Efficiency through Diversity in Ensemble Models applied to Side-Channel Attacks: – A Case Study on Public-Key Algorithms – 📺
Deep Learning based Side-Channel Attacks (DL-SCA) are considered as fundamental threats against secure cryptographic implementations. Side-channel attacks aim to recover a secret key using the least number of leakage traces. In DL-SCA, this often translates in having a model with the highest possible accuracy. Increasing an attack’s accuracy is particularly important when an attacker targets public-key cryptographic implementations where the recovery of each secret key bits is directly related to the model’s accuracy. Commonly used in the deep learning field, ensemble models are a well suited method that combine the predictions of multiple models to increase the ensemble accuracy by reducing the correlation between their errors. Linked to this correlation, the diversity is considered as an indicator of the ensemble model performance. In this paper, we propose a new loss, namely Ensembling Loss (EL), that generates an ensemble model which increases the diversity between the members. Based on the mutual information between the ensemble model and its related label, we theoretically demonstrate how the ensemble members interact during the training process. We also study how an attack’s accuracy gain translates to a drastic reduction of the remaining time complexity of a side-channel attacks through multiple scenarios on public-key implementations. Finally, we experimentally evaluate the benefits of our new learning metric on RSA and ECC secure implementations. The Ensembling Loss increases by up to 6.8% the performance of the ensemble model while the remaining brute-force is reduced by up to 222 operations depending on the attack scenario.

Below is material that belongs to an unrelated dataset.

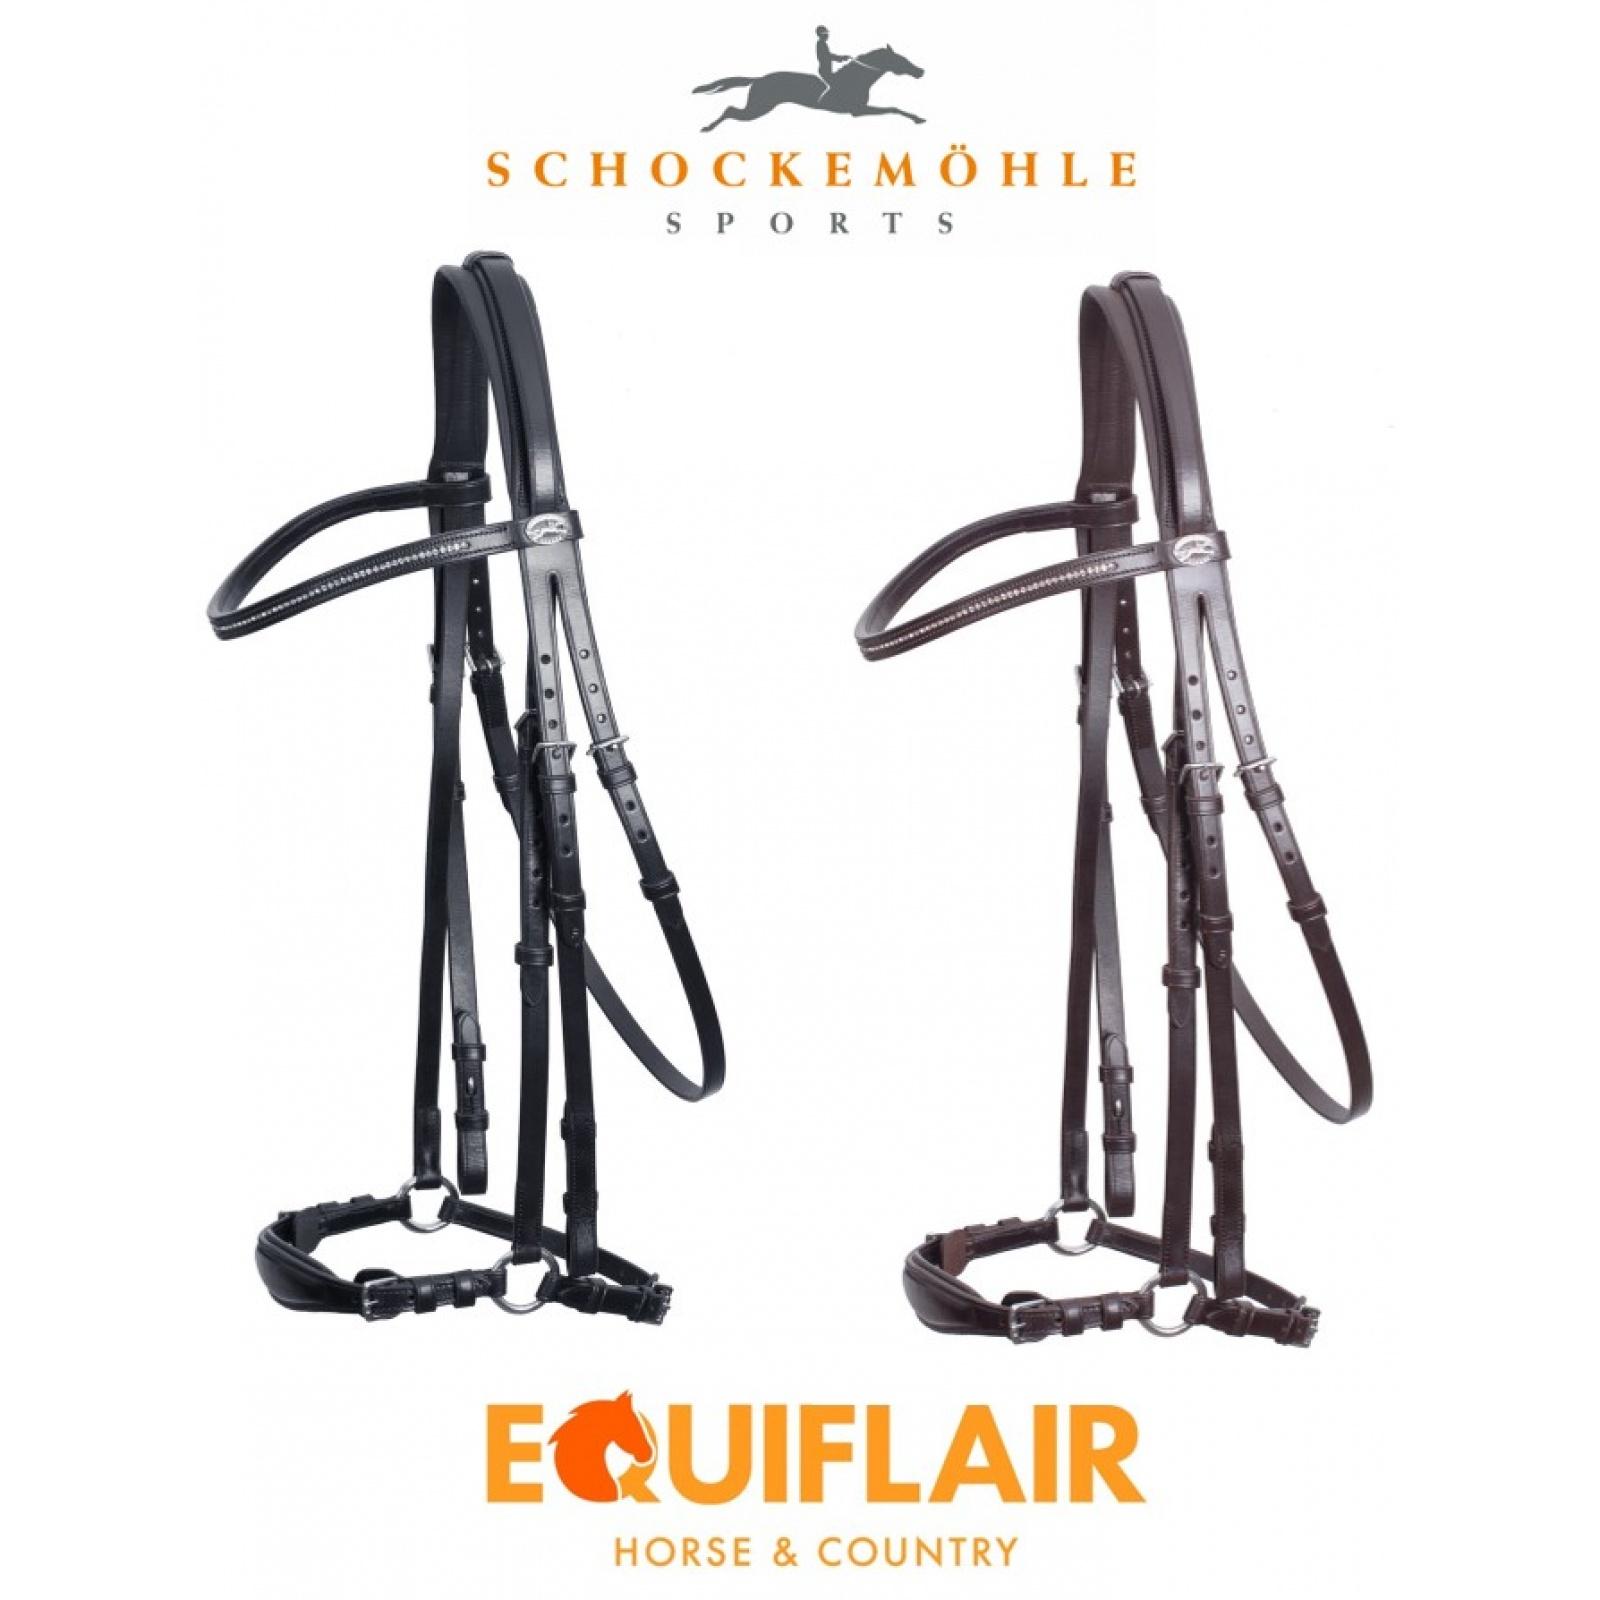 Schockemohle-Copenhagen-Classic-Line-Drop-Noseband-Bridle miniature 7
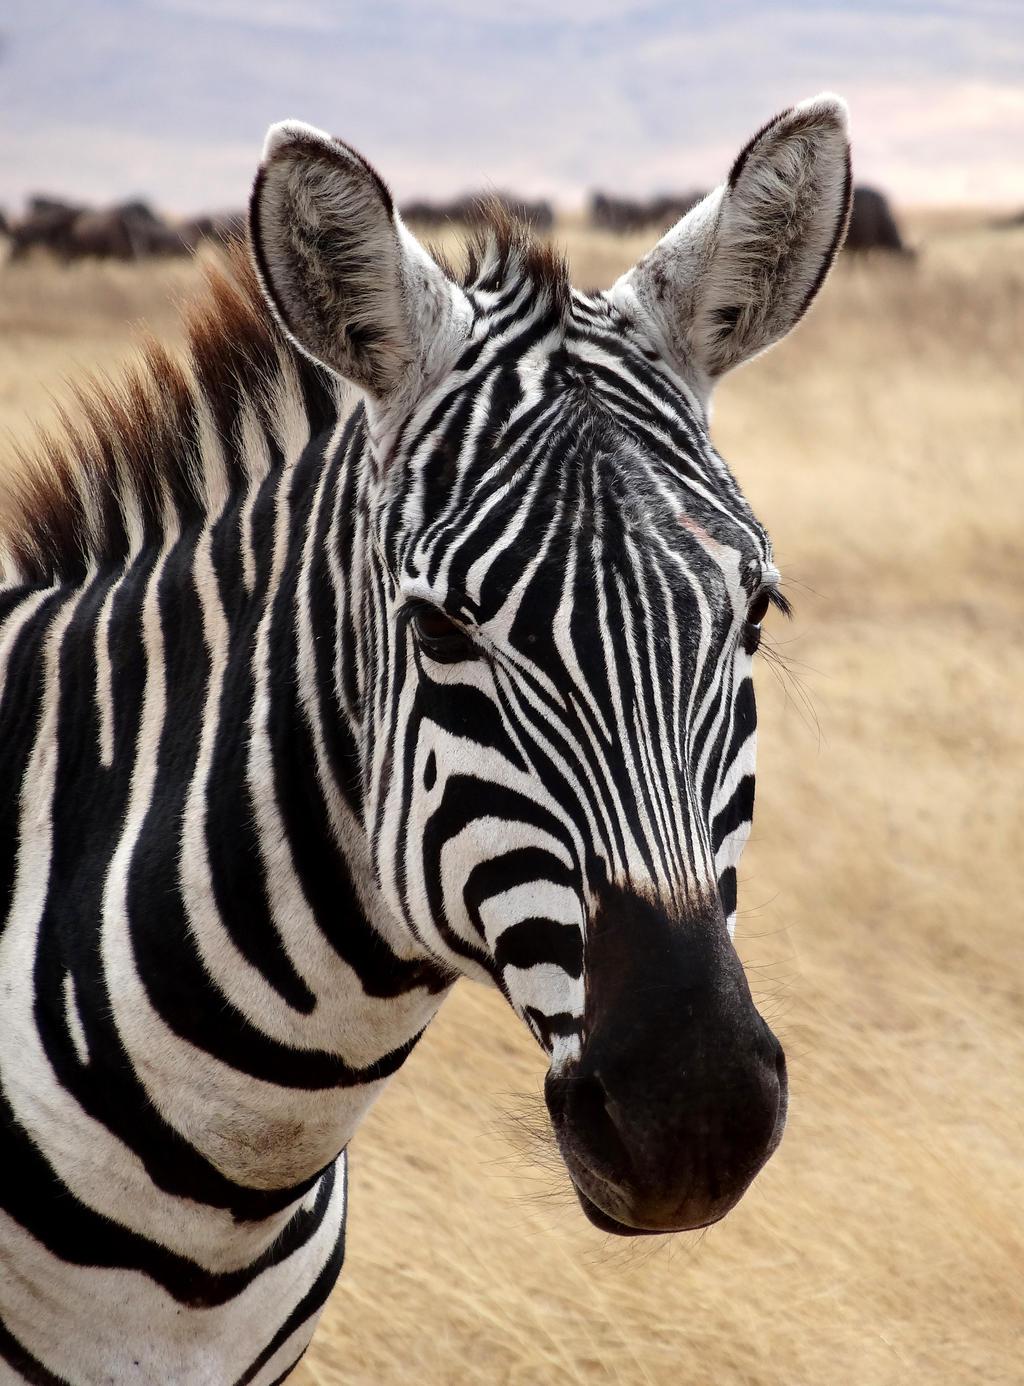 nopeus dating Zebra Augsburg Lesbo dating Cambridge UK

Ranking Loss: Maximizing the Success Rate in Deep Learning Side-Channel Analysis 📺
The side-channel community recently investigated a new approach, based on deep learning, to significantly improve profiled attacks against embedded systems. Compared to template attacks, deep learning techniques can deal with protected implementations, such as masking or desynchronization, without substantial preprocessing. However, important issues are still open. One challenging problem is to adapt the methods classically used in the machine learning field (e.g. loss function, performance metrics) to the specific side-channel context in order to obtain optimal results. We propose a new loss function derived from the learning to rank approach that helps preventing approximation and estimation errors, induced by the classical cross-entropy loss. We theoretically demonstrate that this new function, called Ranking Loss (RkL), maximizes the success rate by minimizing the ranking error of the secret key in comparison with all other hypotheses. The resulting model converges towards the optimal distinguisher when considering the mutual information between the secret and the leakage. Consequently, the approximation error is prevented. Furthermore, the estimation error, induced by the cross-entropy, is reduced by up to 23%. When the ranking loss is used, the convergence towards the best solution is up to 23% faster than a model using the cross-entropy loss function. We validate our theoretical propositions on public datasets.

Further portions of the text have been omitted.